An Open Research Area
Context engineering, especially dreaming, is very new (emerged in the past year) and remains an active area of research and development. The field welcomes contributions and experimentation.
Worth quoting
"Context engineering is the multiplier of model intelligence even as models get smarter."
— Lamis Mukta, at [2:39]
"Do the simple thing that works. Markdown is great for reading memories."
— Lamis Mukta, at [3:43]
"Keep thinking, keep learning, and keep dreaming."
— Lamis Mukta, at [26:52]
Try this
Implement a simple CLAUDE.md file or markdown memory store for your agents with organization, codebase, and user preference context.

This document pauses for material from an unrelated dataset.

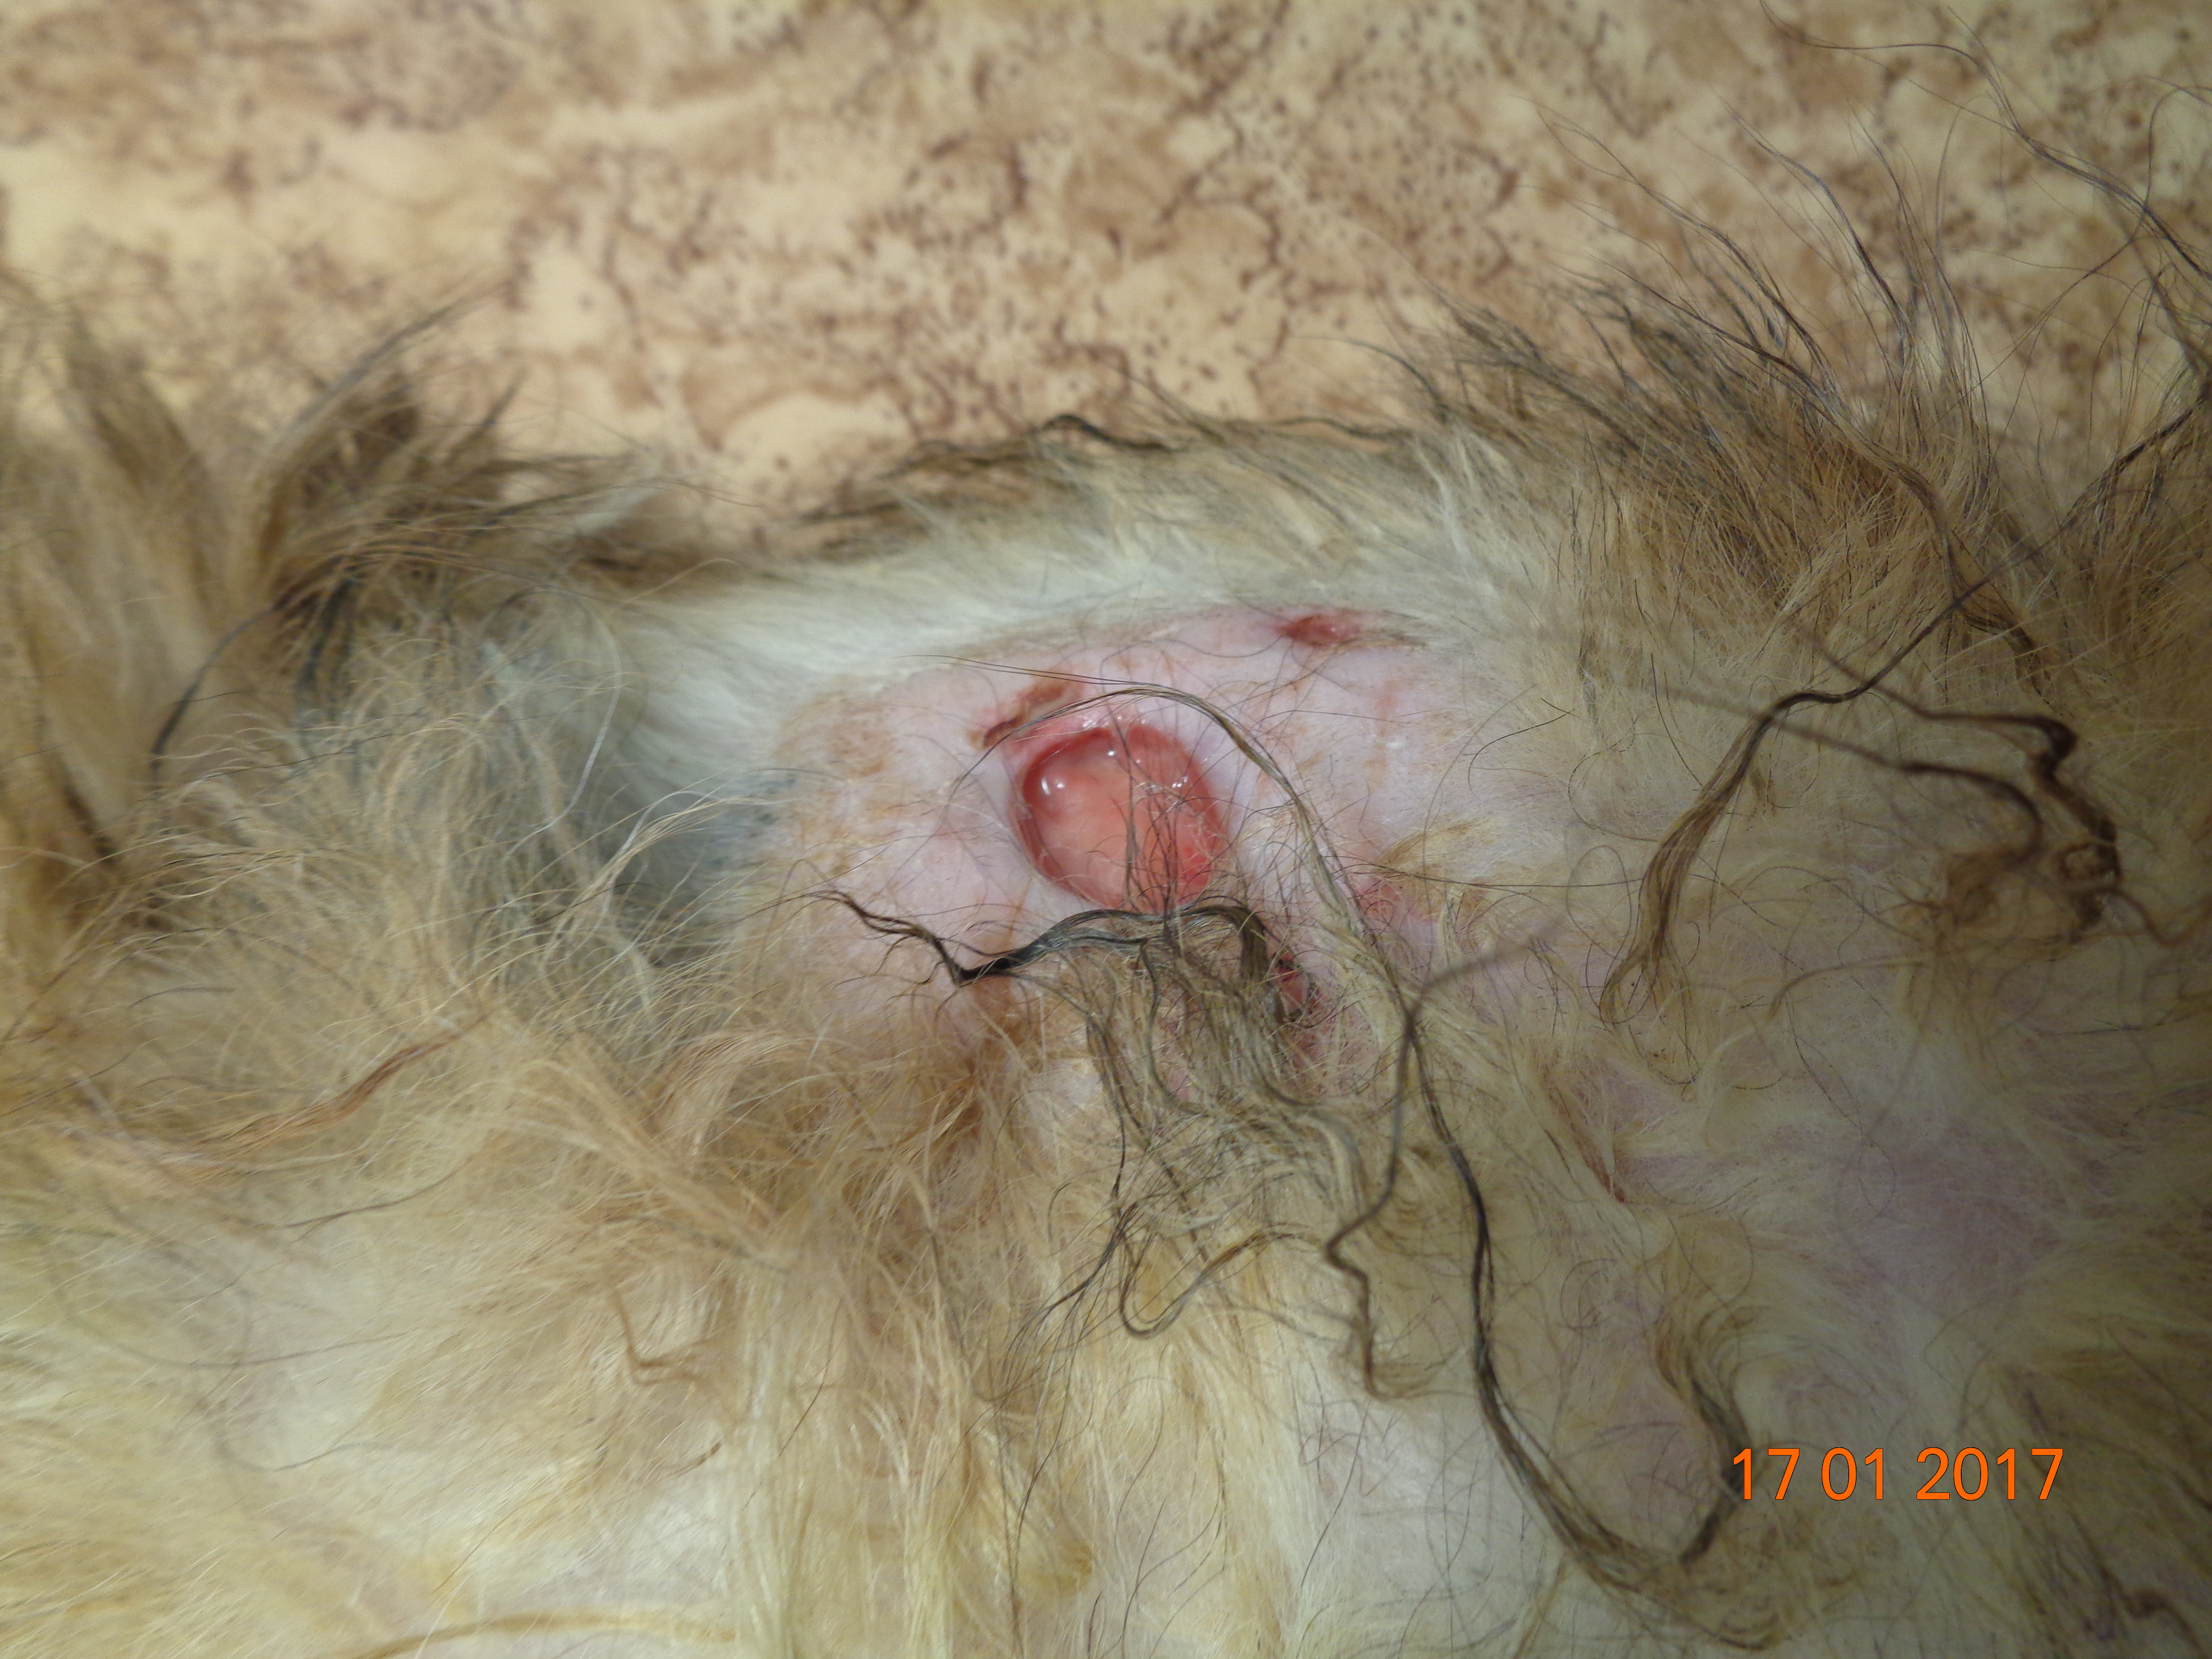 Стерильный идиопатический нодулярный панникулит у шелти. Подкожные узлы в области туловища с изъязвлением и обильной экссудацией

Give agents autonomous memory tools (read, write, update) and let them decide when to use them within sessions.
As you scale to multiple agents, add production guardrails: versioning (track what changed and why), concurrency control (hashing to prevent conflicts), and permissions (read-only for shared context, read-write for individual scratchpads).
Design your memory system as a file system with clean APIs so it's portable across product surfaces and accessible by multiple systems.
Set up an out-of-band dreaming process: periodically collect agent transcripts, analyze them for patterns and gaps, and propose memory updates with evidence and prevalence stats.
Configure dreaming to respect the same permissions as your agents and to focus on what matters for your organization.